Exercise directions: Copy out exactly the stretch below, from the line with "Diário do sudoeste 12" through the line with "Ljus uppsättning för", both included; the pictures stay out.

Information START

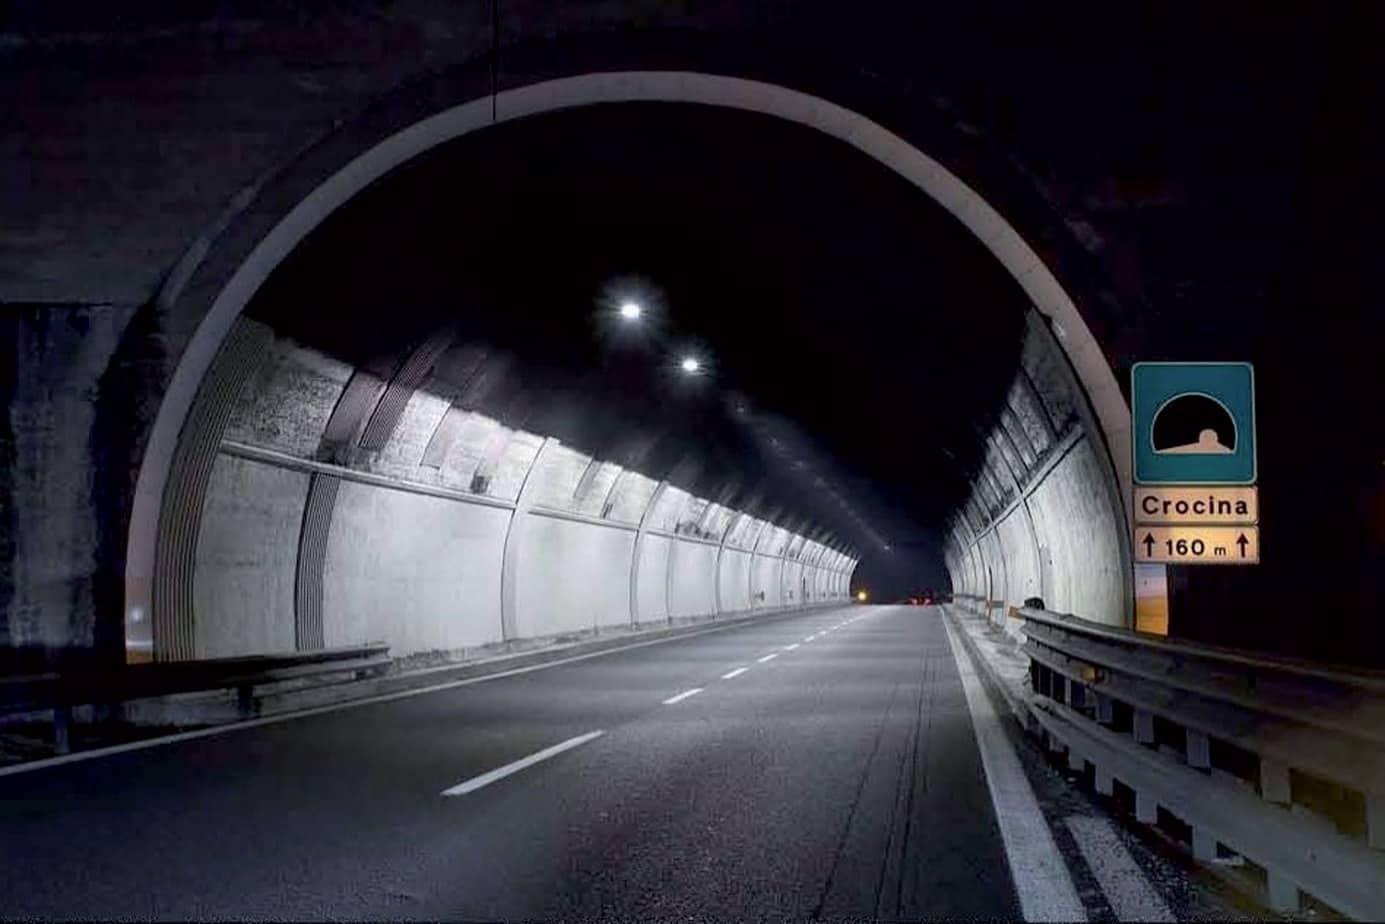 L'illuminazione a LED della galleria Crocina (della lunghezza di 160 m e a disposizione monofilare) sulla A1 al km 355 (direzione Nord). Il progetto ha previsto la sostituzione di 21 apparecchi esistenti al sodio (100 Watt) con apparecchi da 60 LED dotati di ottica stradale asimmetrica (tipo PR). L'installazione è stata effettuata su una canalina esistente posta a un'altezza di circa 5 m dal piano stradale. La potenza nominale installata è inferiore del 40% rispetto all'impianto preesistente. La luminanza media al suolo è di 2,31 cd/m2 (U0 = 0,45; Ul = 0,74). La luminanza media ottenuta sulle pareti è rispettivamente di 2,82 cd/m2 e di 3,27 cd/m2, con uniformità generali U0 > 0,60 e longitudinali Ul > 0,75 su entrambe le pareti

Information END
Information START

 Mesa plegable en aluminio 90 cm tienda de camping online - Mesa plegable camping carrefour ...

Information END
Information START

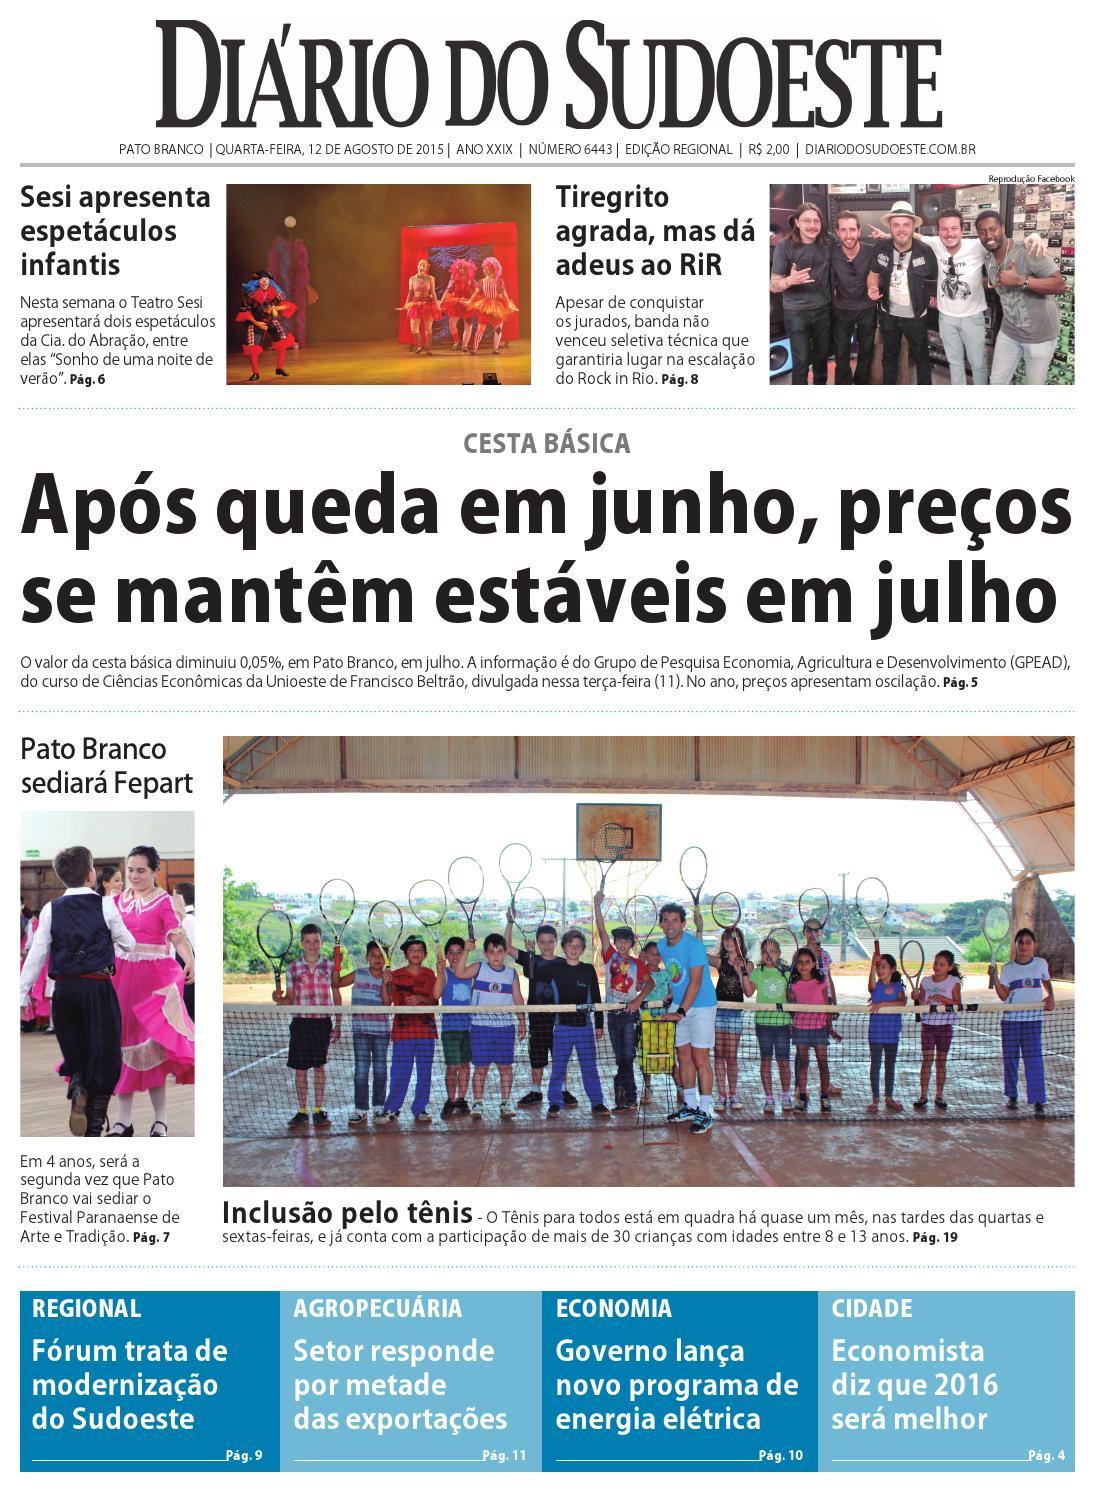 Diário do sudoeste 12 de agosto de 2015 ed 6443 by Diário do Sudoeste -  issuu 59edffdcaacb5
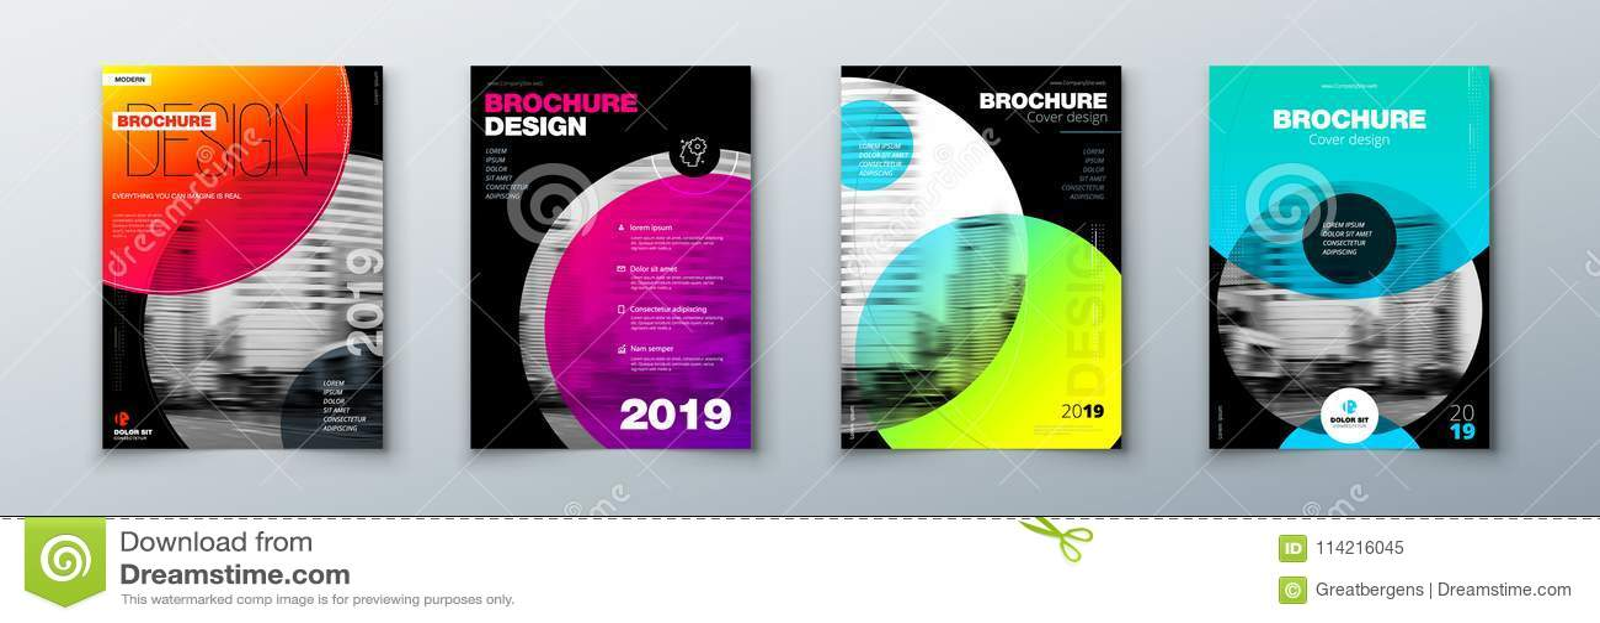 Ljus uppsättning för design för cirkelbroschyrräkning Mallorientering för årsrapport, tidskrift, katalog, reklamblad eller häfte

Information END

Answer box:
 Diário do sudoeste 12 de agosto de 2015 ed 6443 by Diário do Sudoeste -  issuu 59edffdcaacb5
 Ljus uppsättning för design för cirkelbroschyrräkning Mallorientering för årsrapport, tidskrift, katalog, reklamblad eller häfte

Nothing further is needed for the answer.